Keynote at ITK07 in Finland.
Time Magazine has voted You as the person of the year.In this case, You means all the users of online services such as YouTube, mySpace, Blogger, Wikipedia or Flickr, which provide software services for user generated content. While the first generation of the Web in the early 1990s enabled more people to publish to a potential large audience than the old media, a mass adoption has been hindered by the technical complexity and the sheer costs to do so. Today a next wave of online services allow technical laymen to publish media rich content on the Web for free, and millions of people are creating their own content. But is this content relevant to education?
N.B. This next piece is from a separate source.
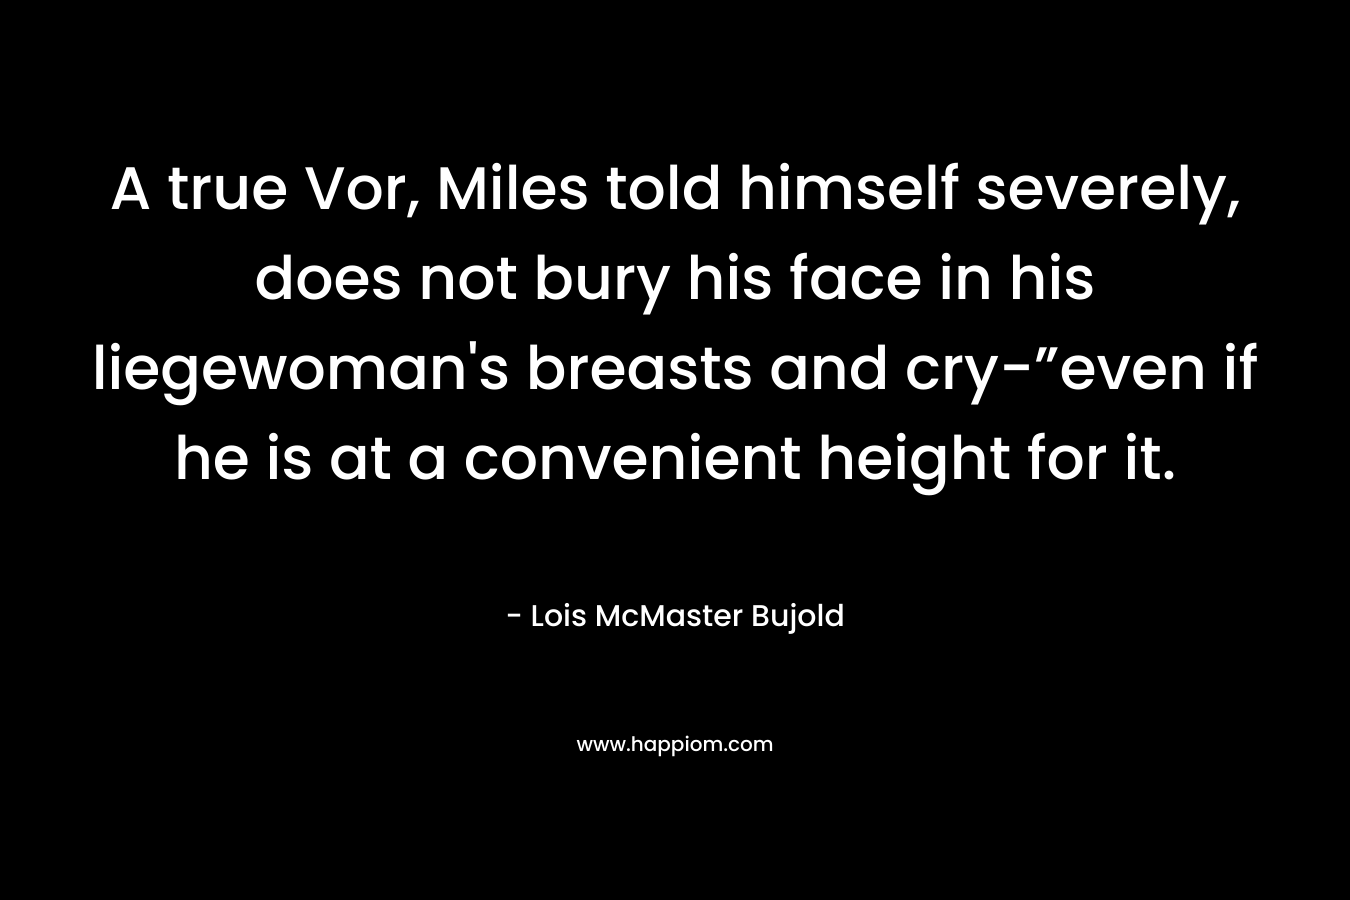 A true Vor, Miles told himself severely, does not bury his face in his liegewoman’s breasts and cry-”even if he is at a convenient height for it. – Lois McMaster Bujold

User generated content has been the focus of progressive education approaches since the 19th century, just to be recently rediscovered and used in the constructivist educational technology movement since the 1970s, probably starting with Seymour Paperts seminal work on Logo. Despite all the work on cognitive tools, collaborative inquiry, writing hypertexts and anchored instruction since then, these approaches have yet to find their way into the educational mainstream.
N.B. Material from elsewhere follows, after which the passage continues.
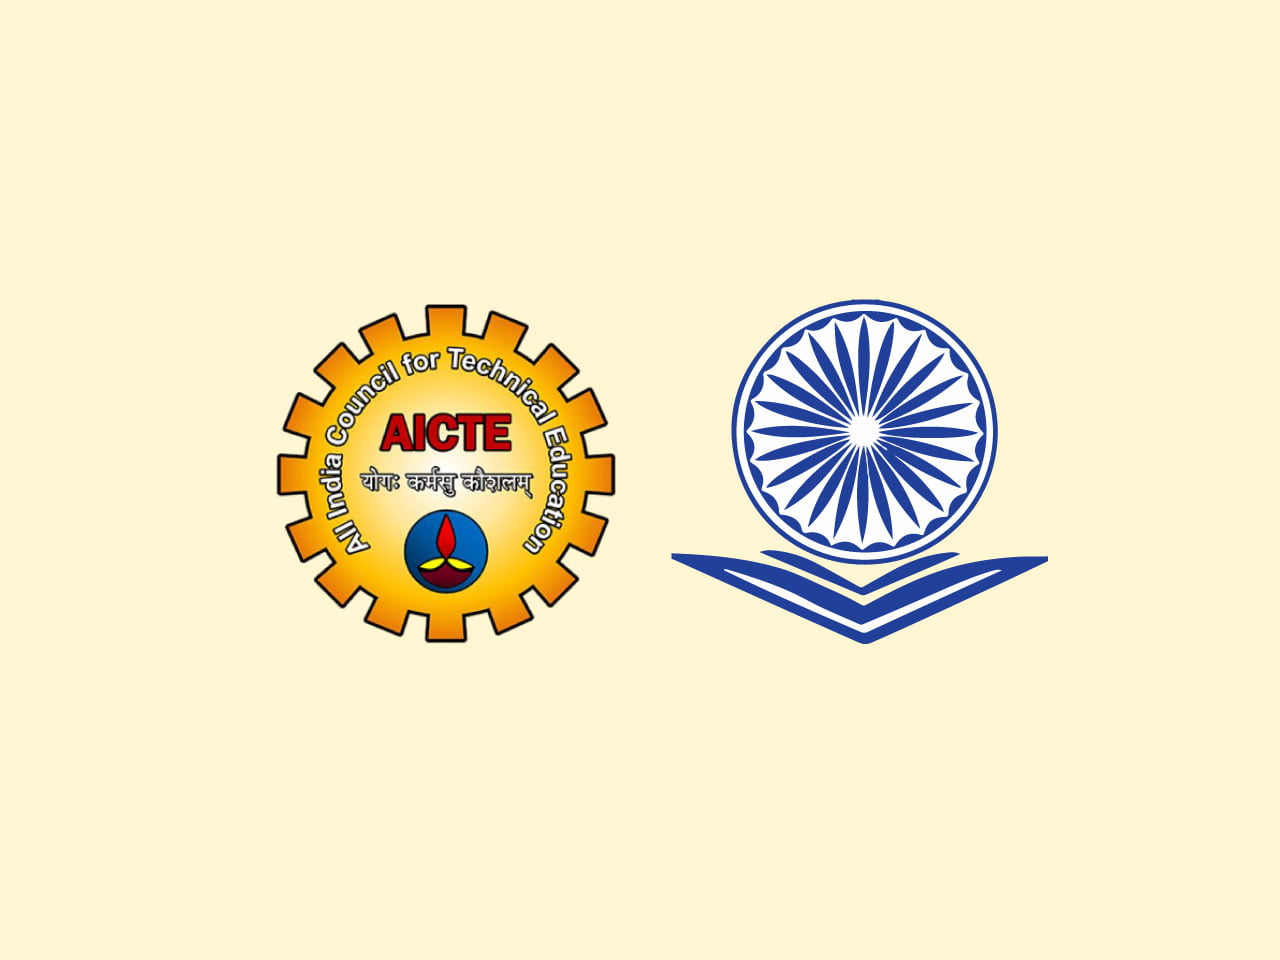 Government of India reportedly merging UGC and AICTE Together

This presentation focusses on the potential of user generated content on education from three points of view:
(1) Educational policy and practice
Education has always been a matter of power, or as Schleiermacher pointed out, Education is about the question, what the old generation wants from the young generation. Therefore formal education has always been a very top-down approach, not unlikely the "old" mass-media approach with a few senders and mass reception. User generated content breaks with this hierarchical model. New questions emerge, such as effects on power balances, impacts on democracy, formal vs. informal settings, learning culture, privacy, subjectivism, and legal issues.
One of the questions which will be discussed in more detail is the value of "open" vs. "closed" books and other learning content. Can user generated content improve the learning of all citizens? What needs to be taken into account? What impacts can be expected for schools and universities?
(2) Educational technology
The current state of web technology and user interfaces has developed tremendously in the last two years, resulting in a much more interactive and collaborative Web, often labeled as "Web 2.0". Also the use of mobile web access has grown starkly. But most of the applications focus either on information organization and sharing, entertainment, shopping or business applications. What are the potentials for using and combining these new services for education? Are there new ways to support online learning? Will they benefit the creation of open repositiories for learning content?
(3) Pedagogics and Educational research
As stated above, pedagogical theory is quite ready for the next generation of the Web and user generated content. A multitude of questions need to be answered, though. For example, is user generated content dependend on You or on We? More specifically: what is the role of collaboration and sharing to create a culture of online learning? How can we support learning communities? What are the learning impacts of creating learning materials?